Exercise prompt>
From the line that contains "Godspeed Rebels Tshirt - Donkey Tees" through the line that contains "Nike Off-white And", output every line of the listing below exactly and leave out all the rest.

Data shown>
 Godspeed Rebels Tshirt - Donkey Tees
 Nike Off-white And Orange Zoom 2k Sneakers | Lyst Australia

--

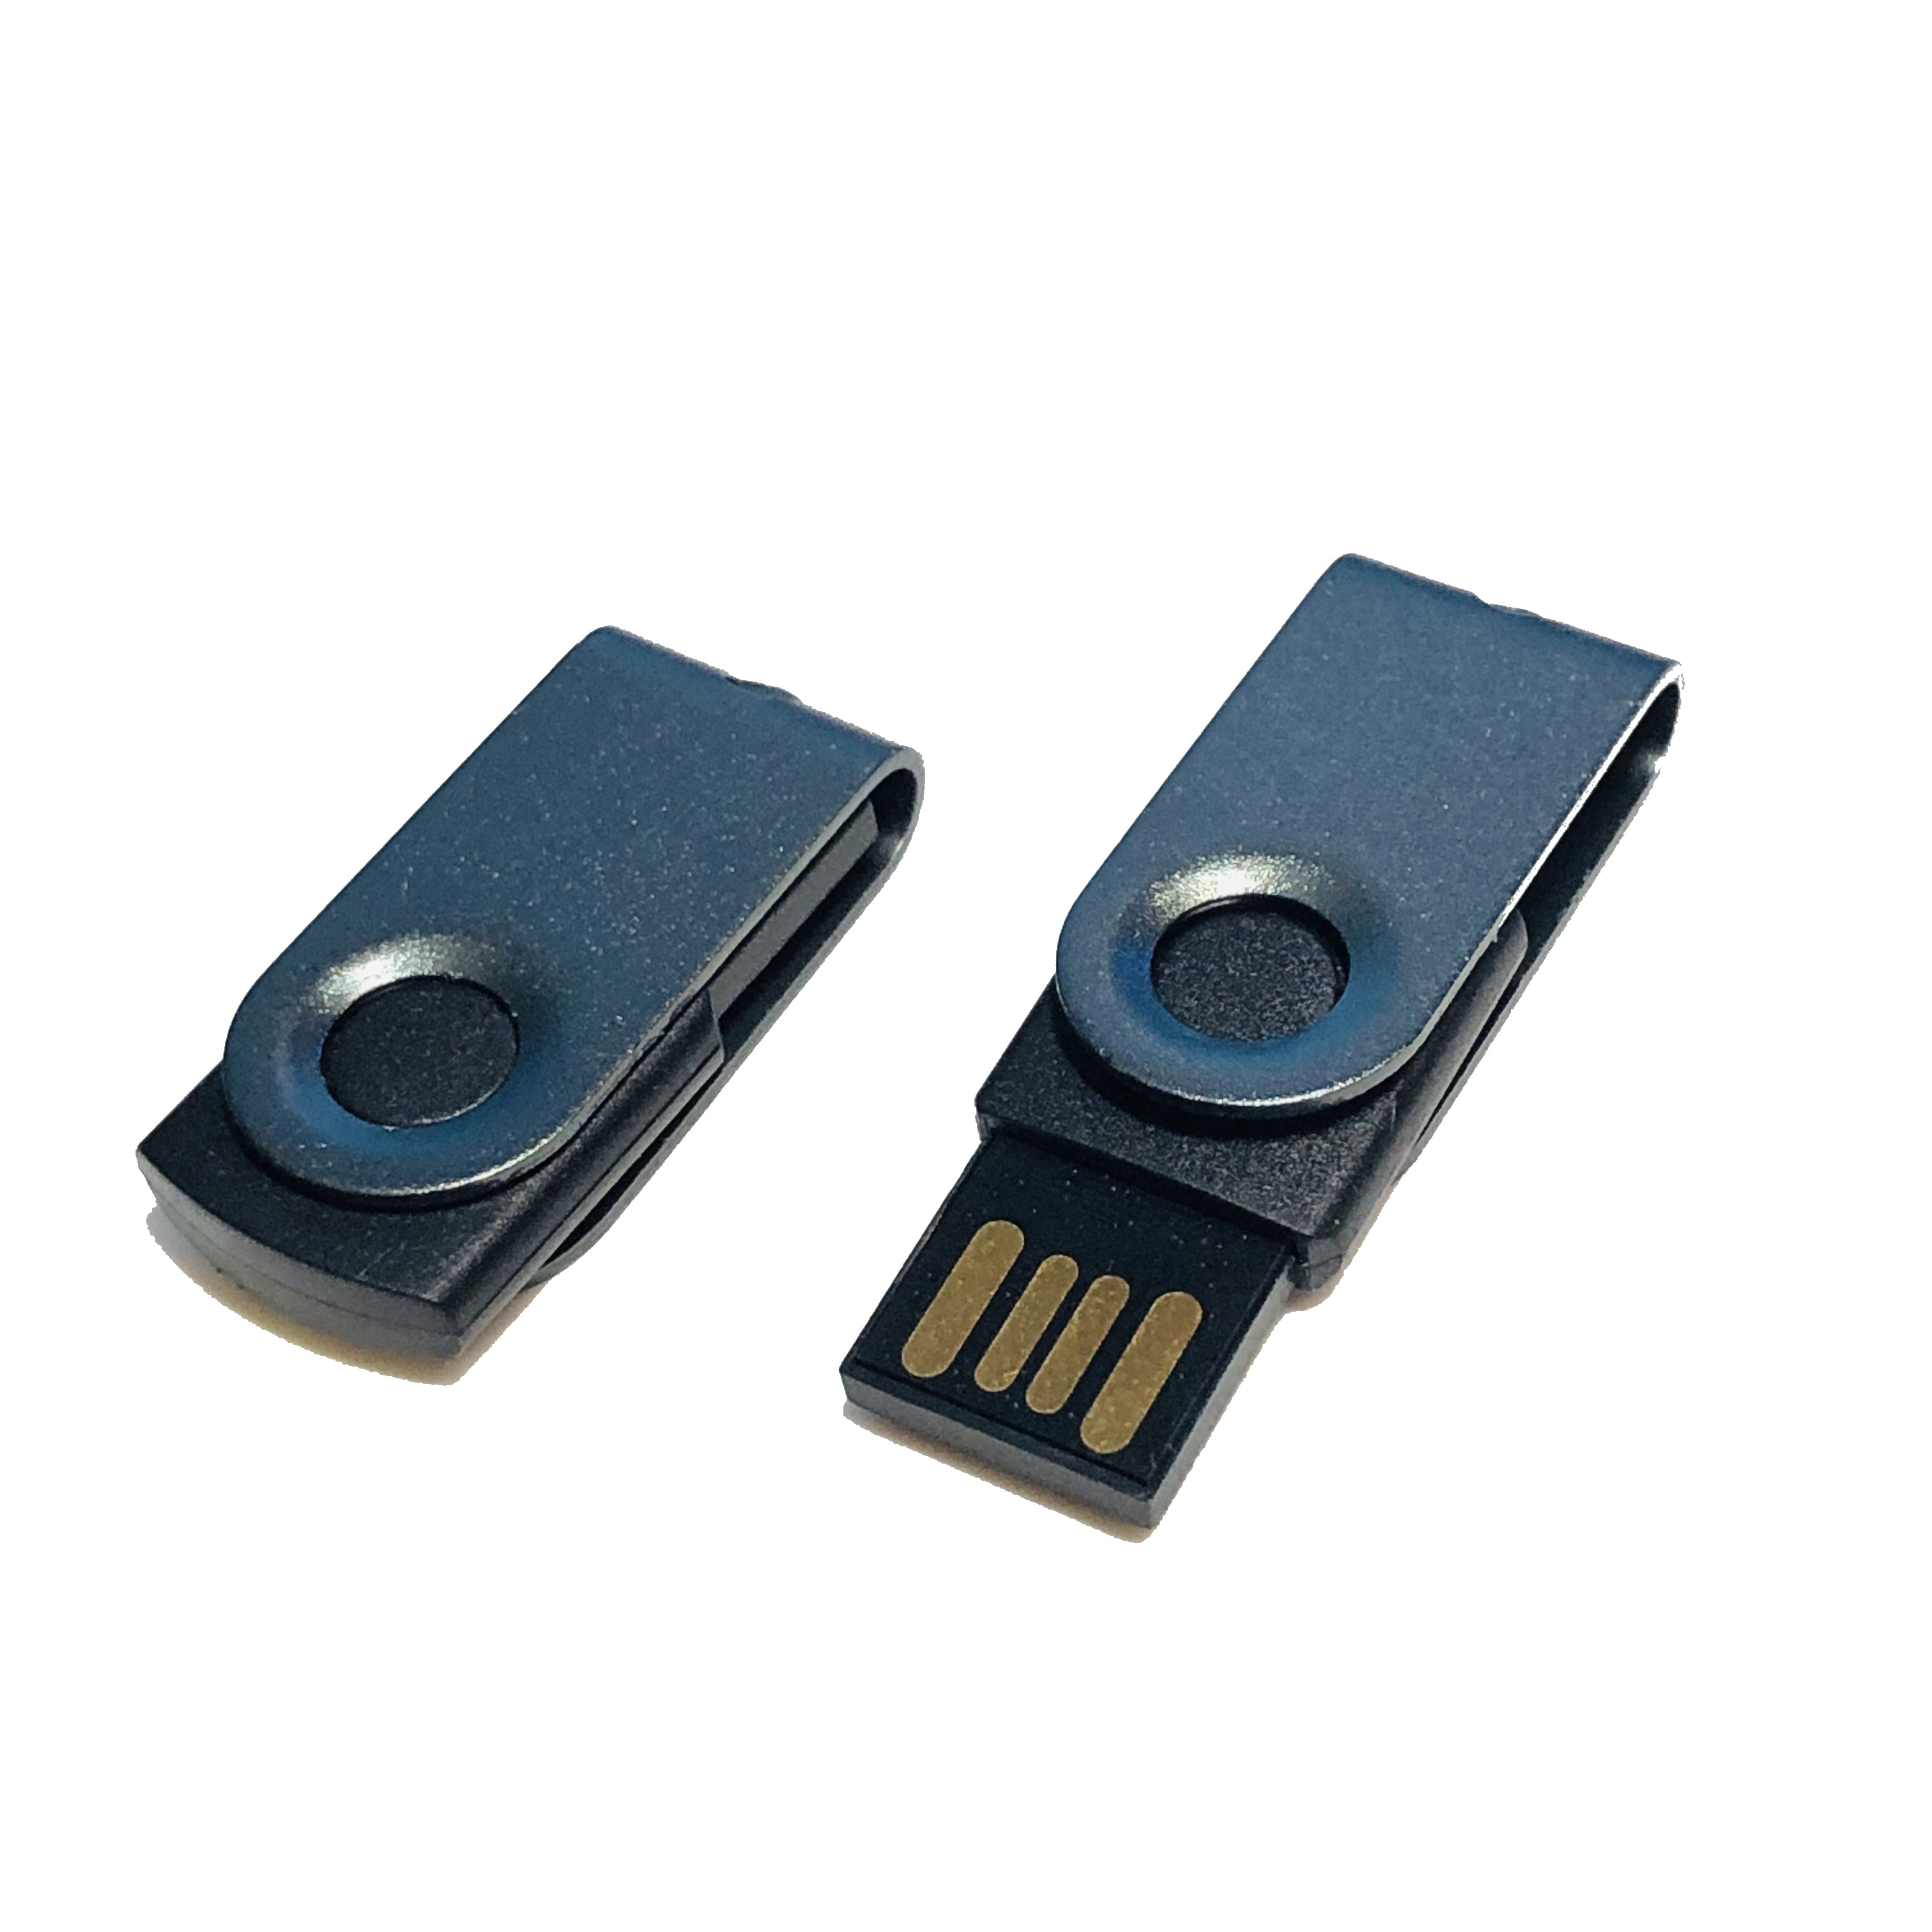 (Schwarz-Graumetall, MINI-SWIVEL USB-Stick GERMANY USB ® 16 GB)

Solution for this exercise>
 Godspeed Rebels Tshirt - Donkey Tees
 Nike Off-white And Orange Zoom 2k Sneakers | Lyst Australia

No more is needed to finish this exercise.